--- Given entries ---

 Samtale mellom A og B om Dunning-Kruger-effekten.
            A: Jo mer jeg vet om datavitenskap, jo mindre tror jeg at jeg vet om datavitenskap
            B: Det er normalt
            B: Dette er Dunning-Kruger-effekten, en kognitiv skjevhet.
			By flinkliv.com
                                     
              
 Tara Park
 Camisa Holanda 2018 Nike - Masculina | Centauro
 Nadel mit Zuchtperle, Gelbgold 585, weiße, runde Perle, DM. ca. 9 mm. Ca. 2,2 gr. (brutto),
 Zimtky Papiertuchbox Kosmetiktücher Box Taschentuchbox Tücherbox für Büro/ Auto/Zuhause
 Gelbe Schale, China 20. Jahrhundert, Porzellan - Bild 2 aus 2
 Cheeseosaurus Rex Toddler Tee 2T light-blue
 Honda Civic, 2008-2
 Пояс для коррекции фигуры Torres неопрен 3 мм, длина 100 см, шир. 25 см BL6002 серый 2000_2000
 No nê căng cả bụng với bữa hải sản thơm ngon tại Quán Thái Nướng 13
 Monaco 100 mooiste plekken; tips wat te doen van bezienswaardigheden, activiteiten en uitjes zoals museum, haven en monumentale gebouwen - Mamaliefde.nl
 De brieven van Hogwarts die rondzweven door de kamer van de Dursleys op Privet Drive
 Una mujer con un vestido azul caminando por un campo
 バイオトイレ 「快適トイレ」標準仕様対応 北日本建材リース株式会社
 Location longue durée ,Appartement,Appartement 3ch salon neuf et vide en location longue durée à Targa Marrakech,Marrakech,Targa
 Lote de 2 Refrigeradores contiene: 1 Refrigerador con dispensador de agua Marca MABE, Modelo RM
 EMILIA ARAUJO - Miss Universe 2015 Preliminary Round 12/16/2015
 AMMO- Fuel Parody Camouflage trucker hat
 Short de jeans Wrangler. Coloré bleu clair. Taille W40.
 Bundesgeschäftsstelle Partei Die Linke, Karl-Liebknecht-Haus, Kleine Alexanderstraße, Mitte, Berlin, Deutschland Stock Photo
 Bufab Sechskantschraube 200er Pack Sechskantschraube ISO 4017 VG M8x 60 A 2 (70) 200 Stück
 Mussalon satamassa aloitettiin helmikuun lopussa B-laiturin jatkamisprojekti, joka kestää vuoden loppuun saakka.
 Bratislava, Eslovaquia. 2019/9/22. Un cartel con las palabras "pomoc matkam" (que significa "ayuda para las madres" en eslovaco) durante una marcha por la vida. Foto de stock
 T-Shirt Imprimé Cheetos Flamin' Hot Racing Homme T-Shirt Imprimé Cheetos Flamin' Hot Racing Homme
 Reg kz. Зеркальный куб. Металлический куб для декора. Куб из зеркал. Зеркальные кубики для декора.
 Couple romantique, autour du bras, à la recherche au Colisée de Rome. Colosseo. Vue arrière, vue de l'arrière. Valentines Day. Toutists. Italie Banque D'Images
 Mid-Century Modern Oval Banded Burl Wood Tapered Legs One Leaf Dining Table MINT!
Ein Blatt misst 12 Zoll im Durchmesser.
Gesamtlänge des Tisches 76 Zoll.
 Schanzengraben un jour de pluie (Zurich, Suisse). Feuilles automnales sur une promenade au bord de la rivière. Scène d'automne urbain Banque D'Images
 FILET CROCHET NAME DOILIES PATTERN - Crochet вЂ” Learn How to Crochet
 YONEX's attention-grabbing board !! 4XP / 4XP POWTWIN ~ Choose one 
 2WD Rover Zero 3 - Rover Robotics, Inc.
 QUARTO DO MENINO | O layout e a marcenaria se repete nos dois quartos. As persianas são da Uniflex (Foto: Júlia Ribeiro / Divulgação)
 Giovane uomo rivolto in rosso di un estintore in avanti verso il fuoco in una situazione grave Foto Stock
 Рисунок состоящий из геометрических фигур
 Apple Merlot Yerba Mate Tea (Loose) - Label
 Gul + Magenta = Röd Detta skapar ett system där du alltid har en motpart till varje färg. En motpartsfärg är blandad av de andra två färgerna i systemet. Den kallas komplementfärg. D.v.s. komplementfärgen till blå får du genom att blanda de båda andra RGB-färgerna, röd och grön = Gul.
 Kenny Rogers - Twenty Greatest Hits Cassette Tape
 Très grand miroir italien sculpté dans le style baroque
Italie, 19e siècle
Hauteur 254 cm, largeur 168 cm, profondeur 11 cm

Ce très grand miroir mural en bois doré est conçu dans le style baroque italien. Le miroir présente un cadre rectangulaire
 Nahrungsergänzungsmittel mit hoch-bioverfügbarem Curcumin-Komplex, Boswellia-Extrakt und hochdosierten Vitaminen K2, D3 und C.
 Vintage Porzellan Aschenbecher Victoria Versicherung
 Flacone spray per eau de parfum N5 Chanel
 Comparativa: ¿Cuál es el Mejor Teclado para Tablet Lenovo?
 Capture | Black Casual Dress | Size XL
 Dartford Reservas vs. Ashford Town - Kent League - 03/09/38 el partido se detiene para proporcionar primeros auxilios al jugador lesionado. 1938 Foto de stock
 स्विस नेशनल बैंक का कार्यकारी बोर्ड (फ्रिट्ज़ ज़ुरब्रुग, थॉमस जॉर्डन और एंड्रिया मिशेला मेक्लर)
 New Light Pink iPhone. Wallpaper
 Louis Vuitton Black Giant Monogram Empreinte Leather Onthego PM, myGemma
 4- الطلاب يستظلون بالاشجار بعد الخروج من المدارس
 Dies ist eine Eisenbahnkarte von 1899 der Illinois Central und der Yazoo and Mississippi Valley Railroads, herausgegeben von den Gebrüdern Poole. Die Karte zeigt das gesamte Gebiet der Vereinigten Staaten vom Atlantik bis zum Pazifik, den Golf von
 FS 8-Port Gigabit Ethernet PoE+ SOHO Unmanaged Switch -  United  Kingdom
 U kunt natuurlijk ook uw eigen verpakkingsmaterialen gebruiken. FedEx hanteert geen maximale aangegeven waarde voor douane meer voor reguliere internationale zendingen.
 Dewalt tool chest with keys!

---

» **About this exercise**
In your answer, repeat each of the records exactly.

» **Response for this exercise**
 Samtale mellom A og B om Dunning-Kruger-effekten.
            A: Jo mer jeg vet om datavitenskap, jo mindre tror jeg at jeg vet om datavitenskap
            B: Det er normalt
            B: Dette er Dunning-Kruger-effekten, en kognitiv skjevhet.
			By flinkliv.com
                                     
              
 Tara Park
 Camisa Holanda 2018 Nike - Masculina | Centauro
 Nadel mit Zuchtperle, Gelbgold 585, weiße, runde Perle, DM. ca. 9 mm. Ca. 2,2 gr. (brutto),
 Zimtky Papiertuchbox Kosmetiktücher Box Taschentuchbox Tücherbox für Büro/ Auto/Zuhause
 Gelbe Schale, China 20. Jahrhundert, Porzellan - Bild 2 aus 2
 Cheeseosaurus Rex Toddler Tee 2T light-blue
 Honda Civic, 2008-2
 Пояс для коррекции фигуры Torres неопрен 3 мм, длина 100 см, шир. 25 см BL6002 серый 2000_2000
 No nê căng cả bụng với bữa hải sản thơm ngon tại Quán Thái Nướng 13
 Monaco 100 mooiste plekken; tips wat te doen van bezienswaardigheden, activiteiten en uitjes zoals museum, haven en monumentale gebouwen - Mamaliefde.nl
 De brieven van Hogwarts die rondzweven door de kamer van de Dursleys op Privet Drive
 Una mujer con un vestido azul caminando por un campo
 バイオトイレ 「快適トイレ」標準仕様対応 北日本建材リース株式会社
 Location longue durée ,Appartement,Appartement 3ch salon neuf et vide en location longue durée à Targa Marrakech,Marrakech,Targa
 Lote de 2 Refrigeradores contiene: 1 Refrigerador con dispensador de agua Marca MABE, Modelo RM
 EMILIA ARAUJO - Miss Universe 2015 Preliminary Round 12/16/2015
 AMMO- Fuel Parody Camouflage trucker hat
 Short de jeans Wrangler. Coloré bleu clair. Taille W40.
 Bundesgeschäftsstelle Partei Die Linke, Karl-Liebknecht-Haus, Kleine Alexanderstraße, Mitte, Berlin, Deutschland Stock Photo
 Bufab Sechskantschraube 200er Pack Sechskantschraube ISO 4017 VG M8x 60 A 2 (70) 200 Stück
 Mussalon satamassa aloitettiin helmikuun lopussa B-laiturin jatkamisprojekti, joka kestää vuoden loppuun saakka.
 Bratislava, Eslovaquia. 2019/9/22. Un cartel con las palabras "pomoc matkam" (que significa "ayuda para las madres" en eslovaco) durante una marcha por la vida. Foto de stock
 T-Shirt Imprimé Cheetos Flamin' Hot Racing Homme T-Shirt Imprimé Cheetos Flamin' Hot Racing Homme
 Reg kz. Зеркальный куб. Металлический куб для декора. Куб из зеркал. Зеркальные кубики для декора.
 Couple romantique, autour du bras, à la recherche au Colisée de Rome. Colosseo. Vue arrière, vue de l'arrière. Valentines Day. Toutists. Italie Banque D'Images
 Mid-Century Modern Oval Banded Burl Wood Tapered Legs One Leaf Dining Table MINT!
Ein Blatt misst 12 Zoll im Durchmesser.
Gesamtlänge des Tisches 76 Zoll.
 Schanzengraben un jour de pluie (Zurich, Suisse). Feuilles automnales sur une promenade au bord de la rivière. Scène d'automne urbain Banque D'Images
 FILET CROCHET NAME DOILIES PATTERN - Crochet вЂ” Learn How to Crochet
 YONEX's attention-grabbing board !! 4XP / 4XP POWTWIN ~ Choose one 
 2WD Rover Zero 3 - Rover Robotics, Inc.
 QUARTO DO MENINO | O layout e a marcenaria se repete nos dois quartos. As persianas são da Uniflex (Foto: Júlia Ribeiro / Divulgação)
 Giovane uomo rivolto in rosso di un estintore in avanti verso il fuoco in una situazione grave Foto Stock
 Рисунок состоящий из геометрических фигур
 Apple Merlot Yerba Mate Tea (Loose) - Label
 Gul + Magenta = Röd Detta skapar ett system där du alltid har en motpart till varje färg. En motpartsfärg är blandad av de andra två färgerna i systemet. Den kallas komplementfärg. D.v.s. komplementfärgen till blå får du genom att blanda de båda andra RGB-färgerna, röd och grön = Gul.
 Kenny Rogers - Twenty Greatest Hits Cassette Tape
 Très grand miroir italien sculpté dans le style baroque
Italie, 19e siècle
Hauteur 254 cm, largeur 168 cm, profondeur 11 cm

Ce très grand miroir mural en bois doré est conçu dans le style baroque italien. Le miroir présente un cadre rectangulaire
 Nahrungsergänzungsmittel mit hoch-bioverfügbarem Curcumin-Komplex, Boswellia-Extrakt und hochdosierten Vitaminen K2, D3 und C.
 Vintage Porzellan Aschenbecher Victoria Versicherung
 Flacone spray per eau de parfum N5 Chanel
 Comparativa: ¿Cuál es el Mejor Teclado para Tablet Lenovo?
 Capture | Black Casual Dress | Size XL
 Dartford Reservas vs. Ashford Town - Kent League - 03/09/38 el partido se detiene para proporcionar primeros auxilios al jugador lesionado. 1938 Foto de stock
 स्विस नेशनल बैंक का कार्यकारी बोर्ड (फ्रिट्ज़ ज़ुरब्रुग, थॉमस जॉर्डन और एंड्रिया मिशेला मेक्लर)
 New Light Pink iPhone. Wallpaper
 Louis Vuitton Black Giant Monogram Empreinte Leather Onthego PM, myGemma
 4- الطلاب يستظلون بالاشجار بعد الخروج من المدارس
 Dies ist eine Eisenbahnkarte von 1899 der Illinois Central und der Yazoo and Mississippi Valley Railroads, herausgegeben von den Gebrüdern Poole. Die Karte zeigt das gesamte Gebiet der Vereinigten Staaten vom Atlantik bis zum Pazifik, den Golf von
 FS 8-Port Gigabit Ethernet PoE+ SOHO Unmanaged Switch -  United  Kingdom
 U kunt natuurlijk ook uw eigen verpakkingsmaterialen gebruiken. FedEx hanteert geen maximale aangegeven waarde voor douane meer voor reguliere internationale zendingen.
 Dewalt tool chest with keys!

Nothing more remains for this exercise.